Top 5 Most Important Features:
                 Feature  Importance
23            worst area    0.139357
27  worst concave points    0.132225
7    mean concave points    0.107046
20          worst radius    0.082848
22       worst perimeter    0.080850


7. Write a Python program to:
● Train a Bagging Classifier using Decision Trees on the Iris dataset
● Evaluate its accuracy and compare with a single Decision Tree

In [5]:
from sklearn.datasets import load_iris
from sklearn.model_selection import train_test_split
from sklearn.tree import DecisionTreeClassifier
from sklearn.ensemble import BaggingClassifier
from sklearn.metrics import accuracy_score

# Load the Iris dataset
iris = load_iris()
X = iris.data
y = iris.target

X_train, X_test, y_train, y_test = train_test_split(X, y, test_size=0.3, random_state=42)

dt = DecisionTreeClassifier(random_state=42)
dt.fit(X_train, y_train)
y_pred_dt = dt.predict(X_test)
accuracy_dt = accuracy_score(y_test, y_pred_dt)

bagging = BaggingClassifier(
    DecisionTreeClassifier(),
    n_estimators=50,
    random_state=42,
    bootstrap=True
)
bagging.fit(X_train, y_train)
y_pred_bag = bagging.predict(X_test)
accuracy_bag = accuracy_score(y_test, y_pred_bag)

print(f"Accuracy of Single Decision Tree: {accuracy_dt:.4f}")
print(f"Accuracy of Bagging Classifier: {accuracy_bag:.4f}")

Accuracy of Single Decision Tree: 1.0000
Accuracy of Bagging Classifier: 1.0000


8. Write a Python program to:
● Train a Random Forest Classifier
● Tune hyperparameters max_depth and n_estimators using GridSearchCV
● Print the best parameters and final accuracy

In [6]:
from sklearn.datasets import load_iris
from sklearn.ensemble import RandomForestClassifier
from sklearn.model_selection import train_test_split, GridSearchCV
from sklearn.metrics import accuracy_score

# Load the Iris dataset
iris = load_iris()
X = iris.data
y = iris.target

X_train, X_test, y_train, y_test = train_test_split(X, y, test_size=0.3, random_state=42)
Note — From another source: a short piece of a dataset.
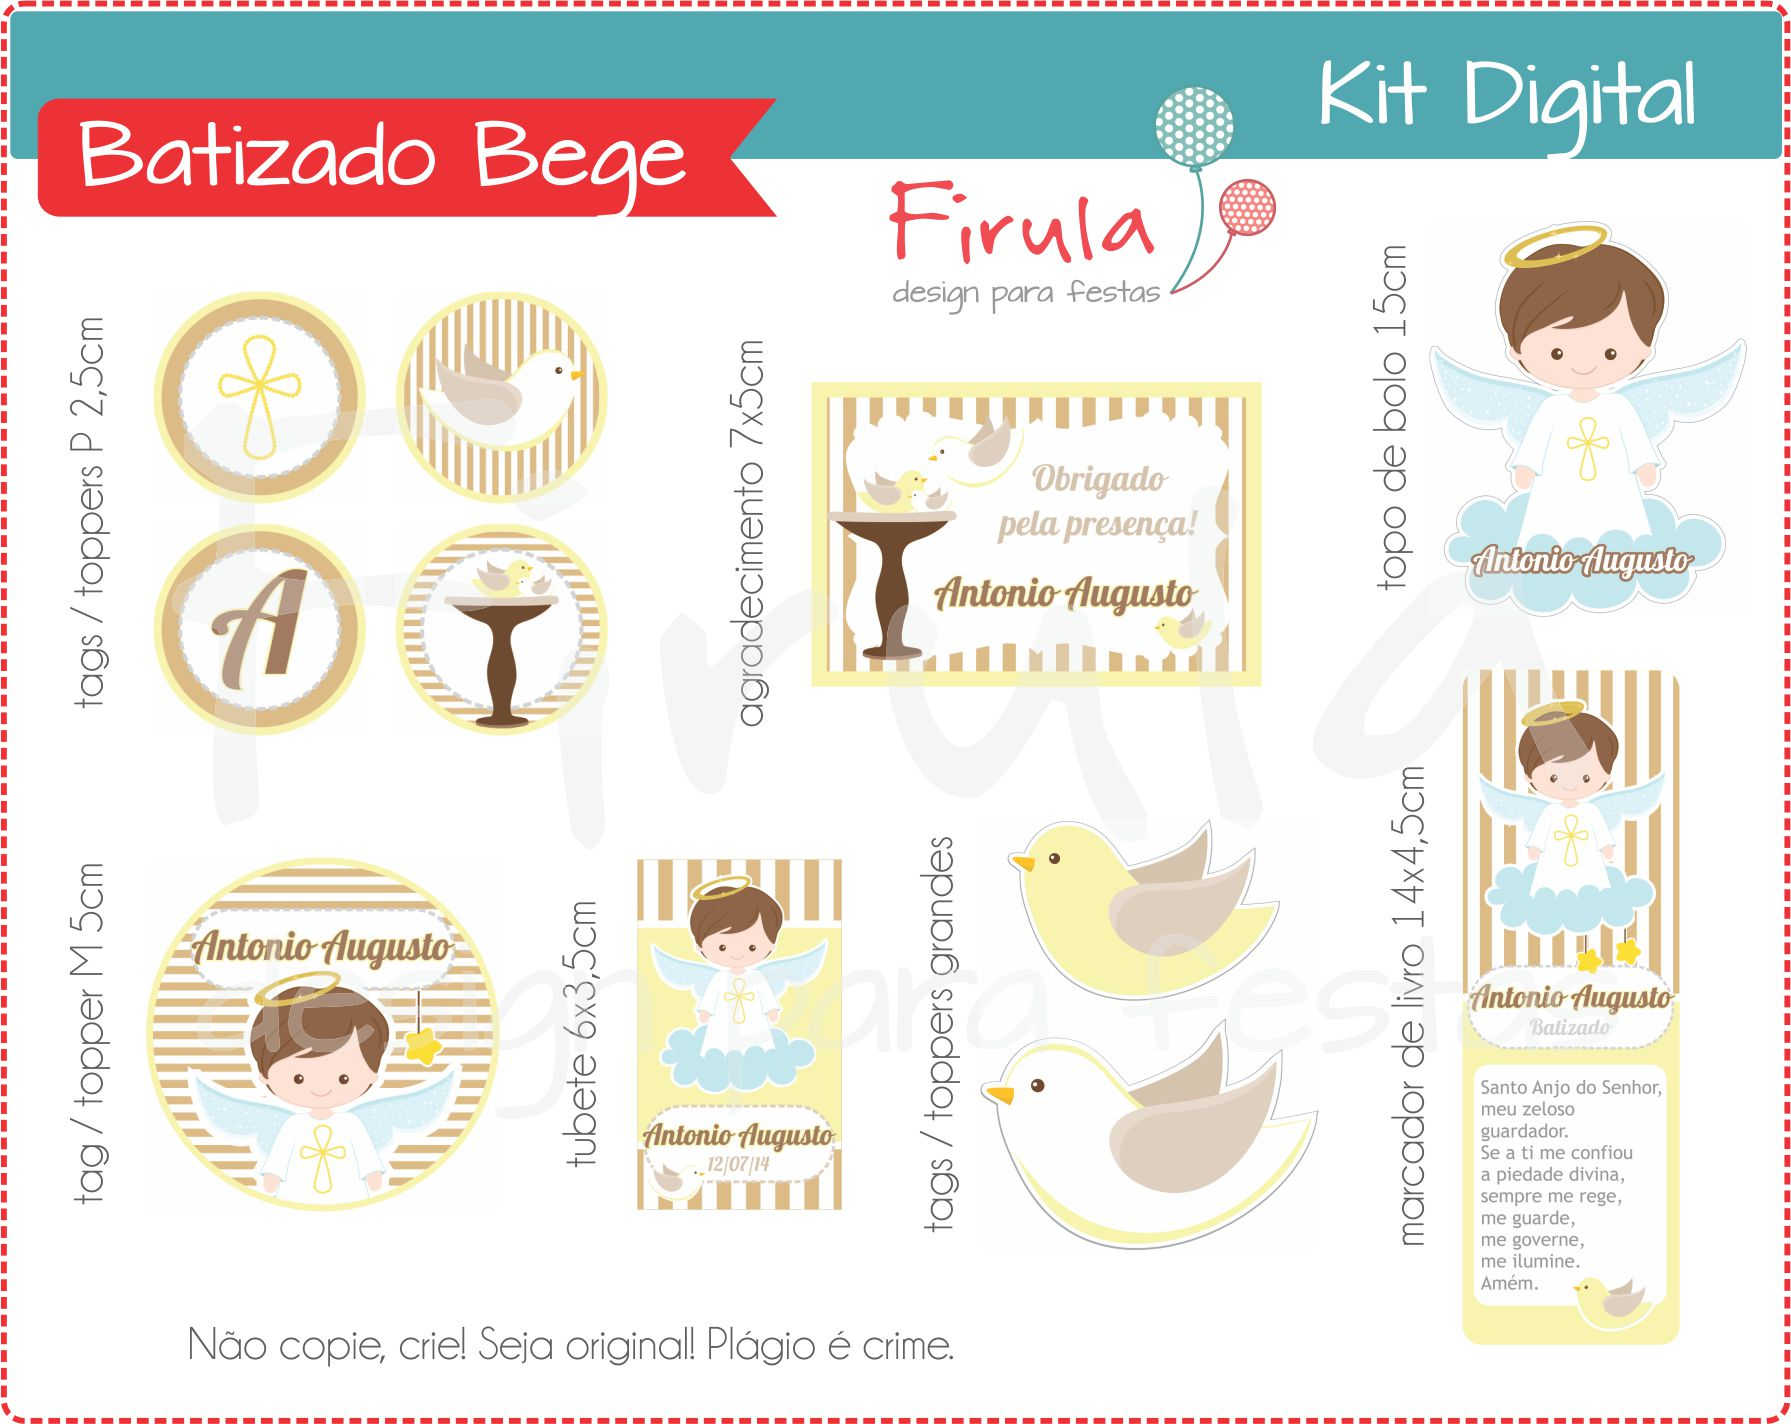 Kit Festa Digital Batizado Bege No Elo7 Firula Festas 9334c4

rf = RandomForestClassifier(random_state=42)

param_grid = {
    'n_estimators': [50, 100, 150],
    'max_depth': [None, 3, 5, 7]
}

grid_search = GridSearchCV(estimator=rf, param_grid=param_grid, cv=5, n_jobs=-1)
grid_search.fit(X_train, y_train)

# Get the best parameters
best_params = grid_search.best_params_

best_model = grid_search.best_estimator_
y_pred = best_model.predict(X_test)
accuracy = accuracy_score(y_test, y_pred)

print("Best Parameters:", best_params)
print(f"Test Set Accuracy: {accuracy:.4f}")
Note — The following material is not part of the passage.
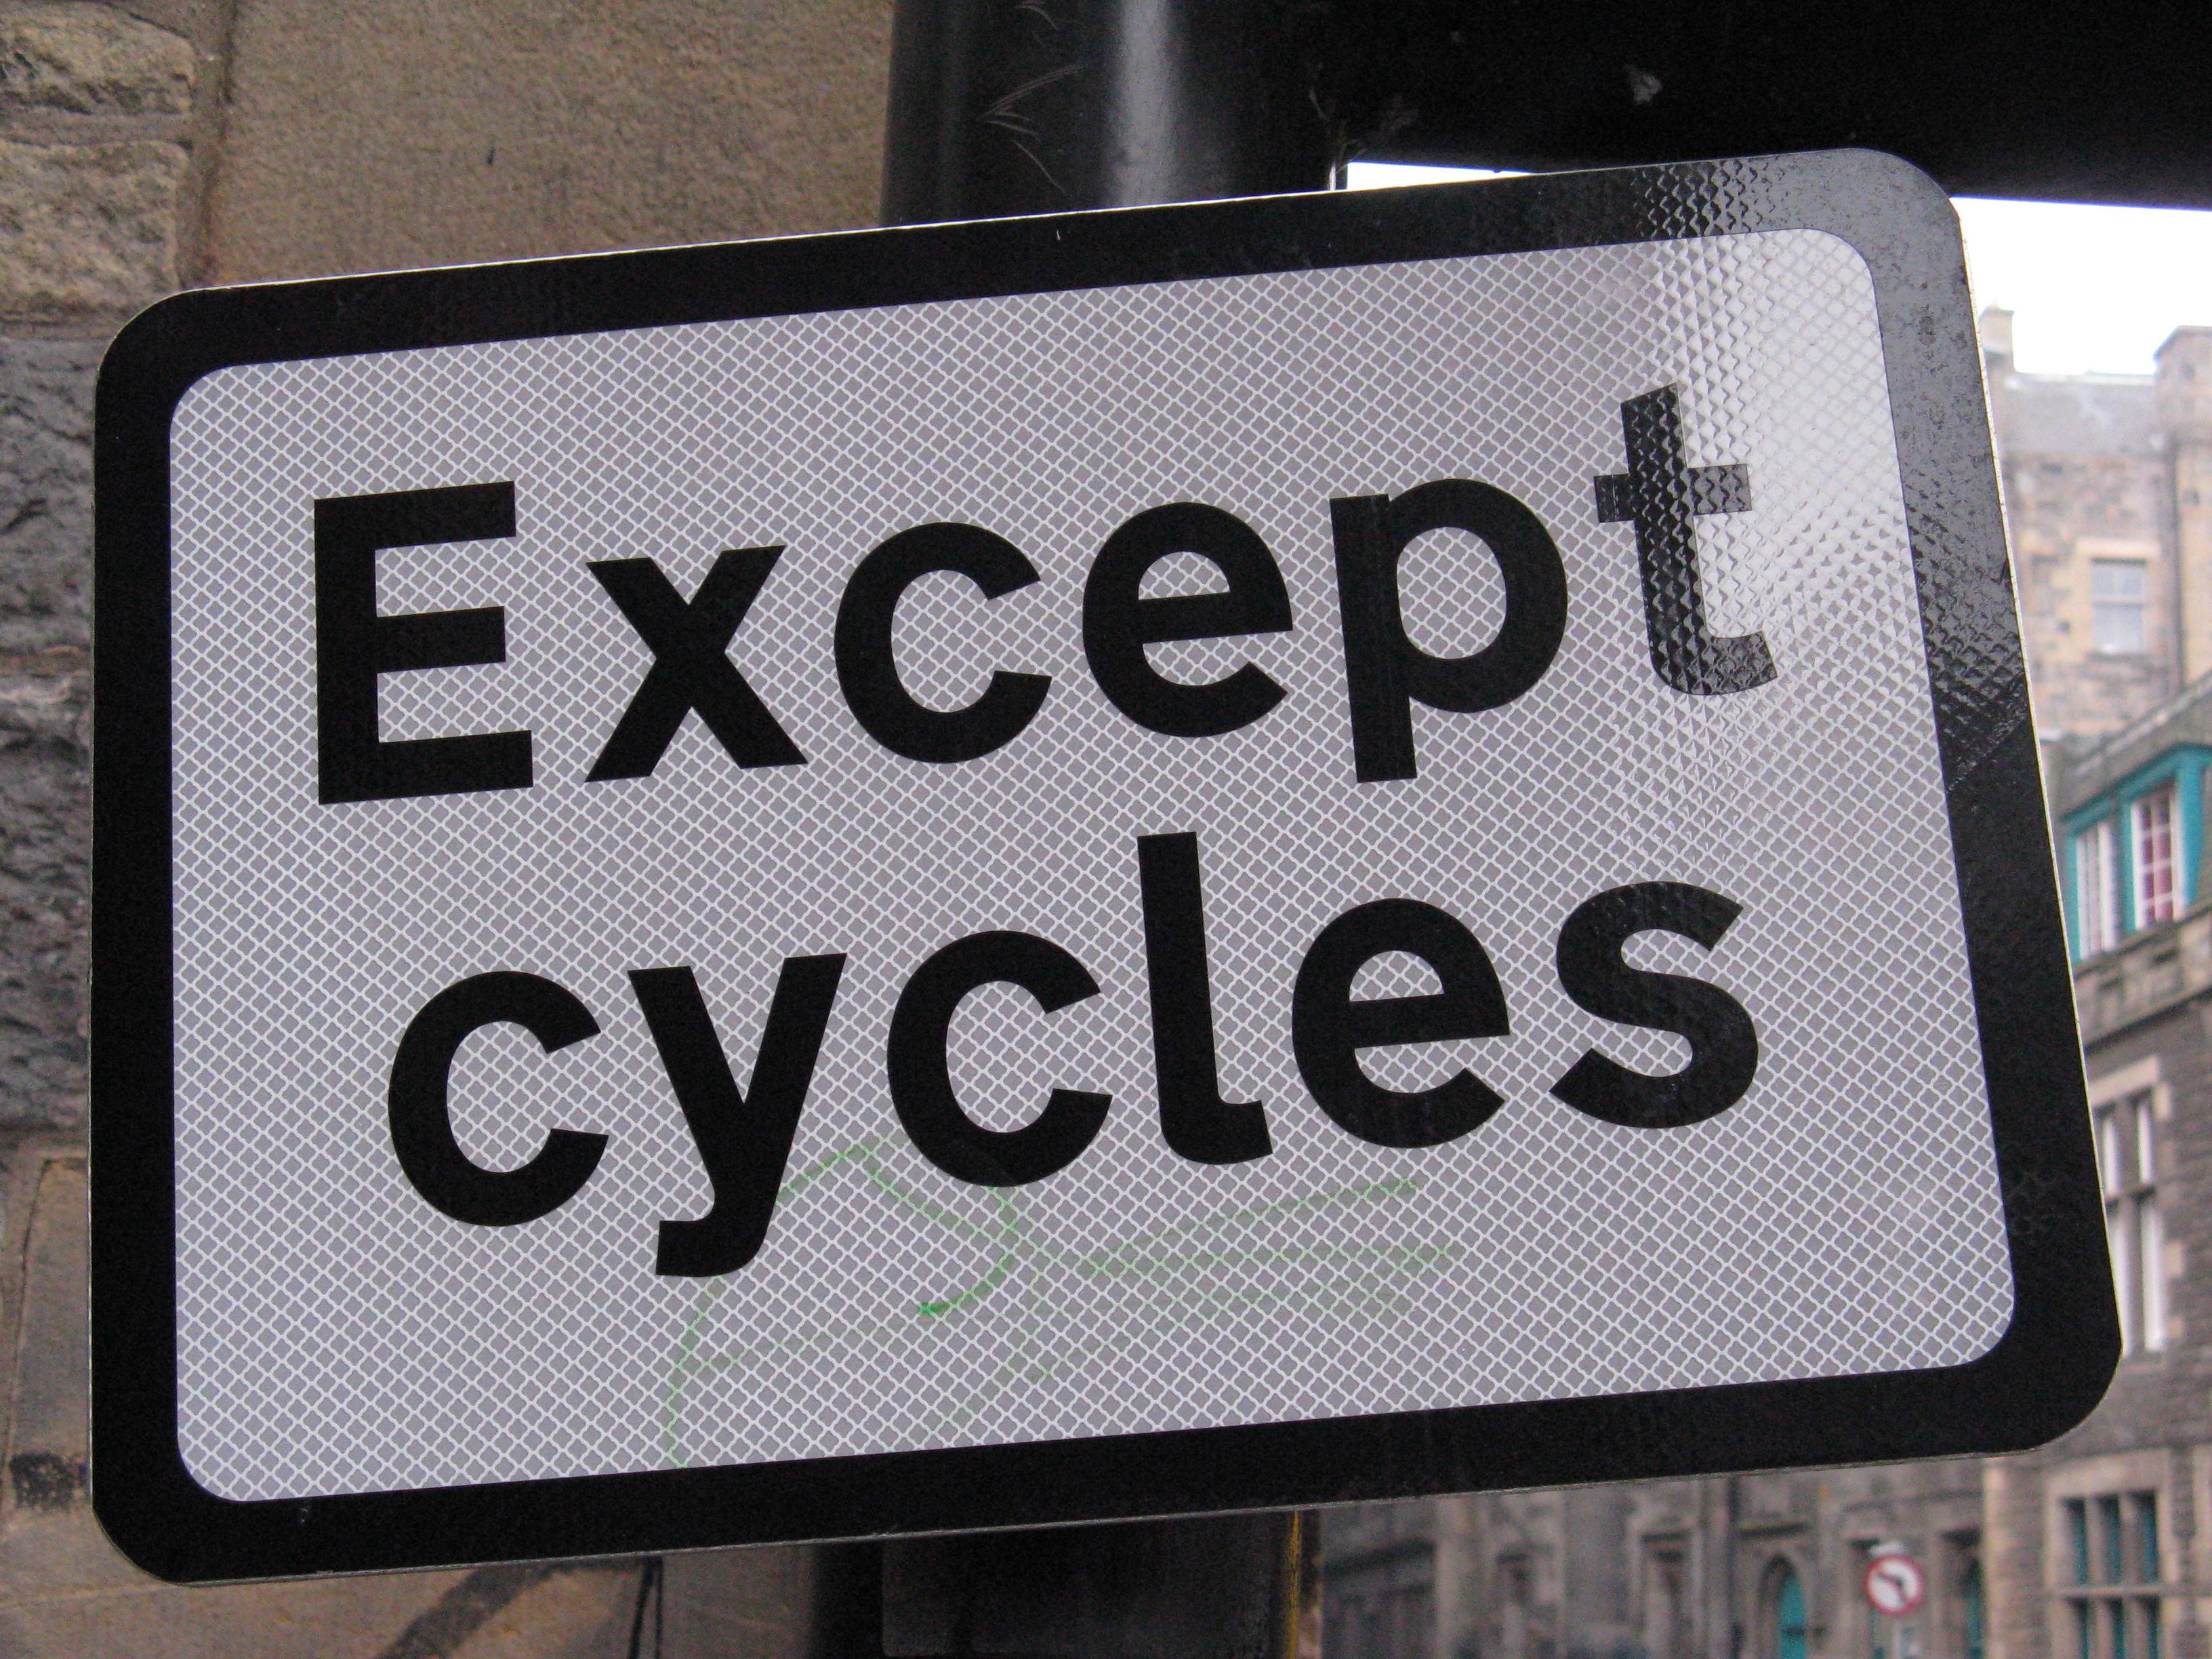 accept-cycles.jpg

Best Parameters: {'max_depth': None, 'n_estimators': 100}
Test Set Accuracy: 1.0000


10. You are working as a data scientist at a financial institution to predict loan
default. You have access to customer demographic and transaction history data.
You decide to use ensemble techniques to increase model performance.
Explain your step-by-step approach to:
● Choose between Bagging or Boosting
● Handle overfitting
● Select base models
● Evaluate performance using cross-validation
● Justify how ensemble learning improves decision-making in this real-world
context.

1. Choosing Between Bagging or Boosting

Bagging (Random Forest) → reduces variance, stable baseline.

Boosting (XGBoost/LightGBM) → reduces bias, captures complex patterns.

2. Handling Overfitting

Limit tree depth, min samples per leaf.

Use regularization and early stopping.

Perform cross-validation to monitor performance.

3. Selecting Base Models

Use decision trees for flexibility and non-linear patterns.
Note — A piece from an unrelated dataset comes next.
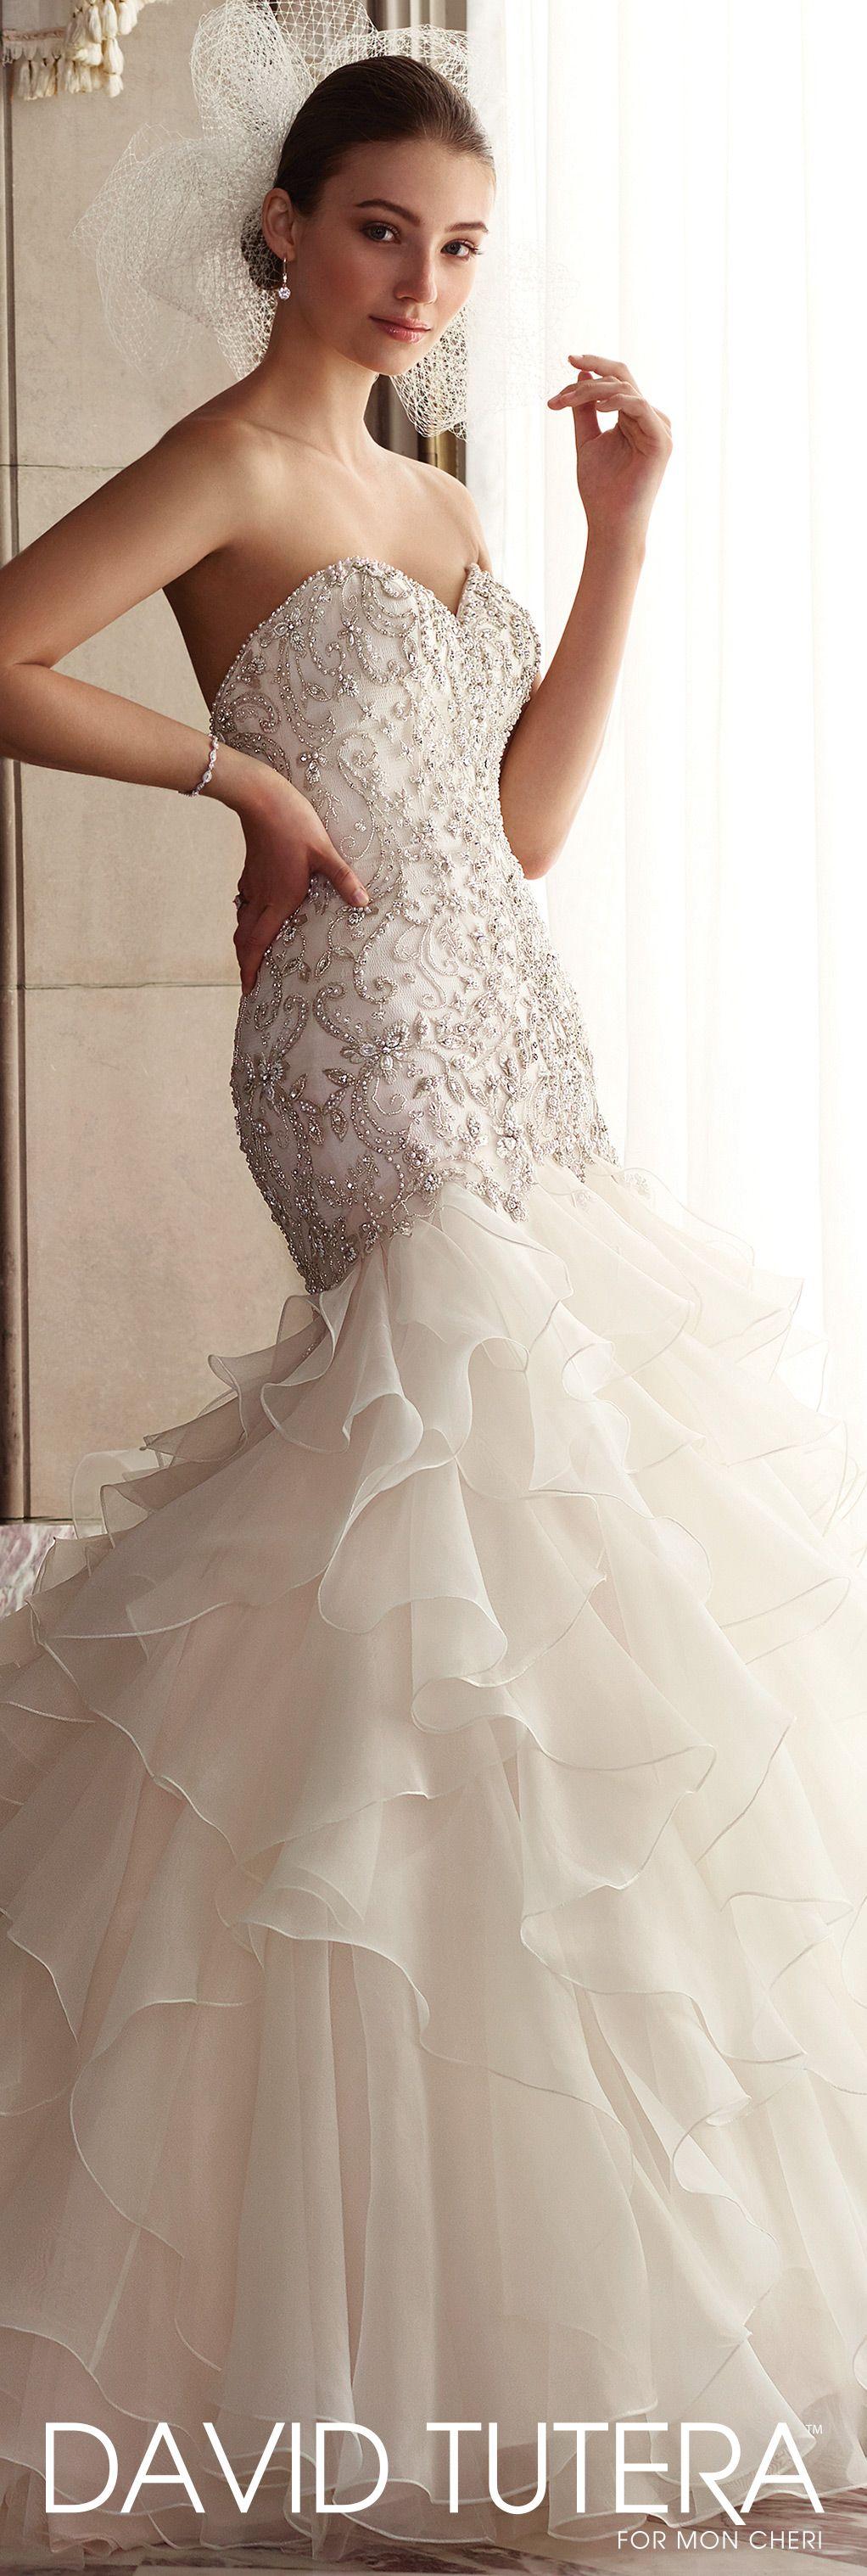 Awesome Dramatic Strapless Ruffled u Tiered Trumpet Wedding Dress Dior

Optionally combine with logistic regression for stacking.

4. Evaluating Performance

Use k-fold cross-validation.

Metrics: Accuracy, Precision, Recall, ROC-AUC.

5. Justification for Ensemble Learning

Combines multiple models → reduces errors.

Provides more reliable loan risk prediction.

Supports better financial decisions and risk management.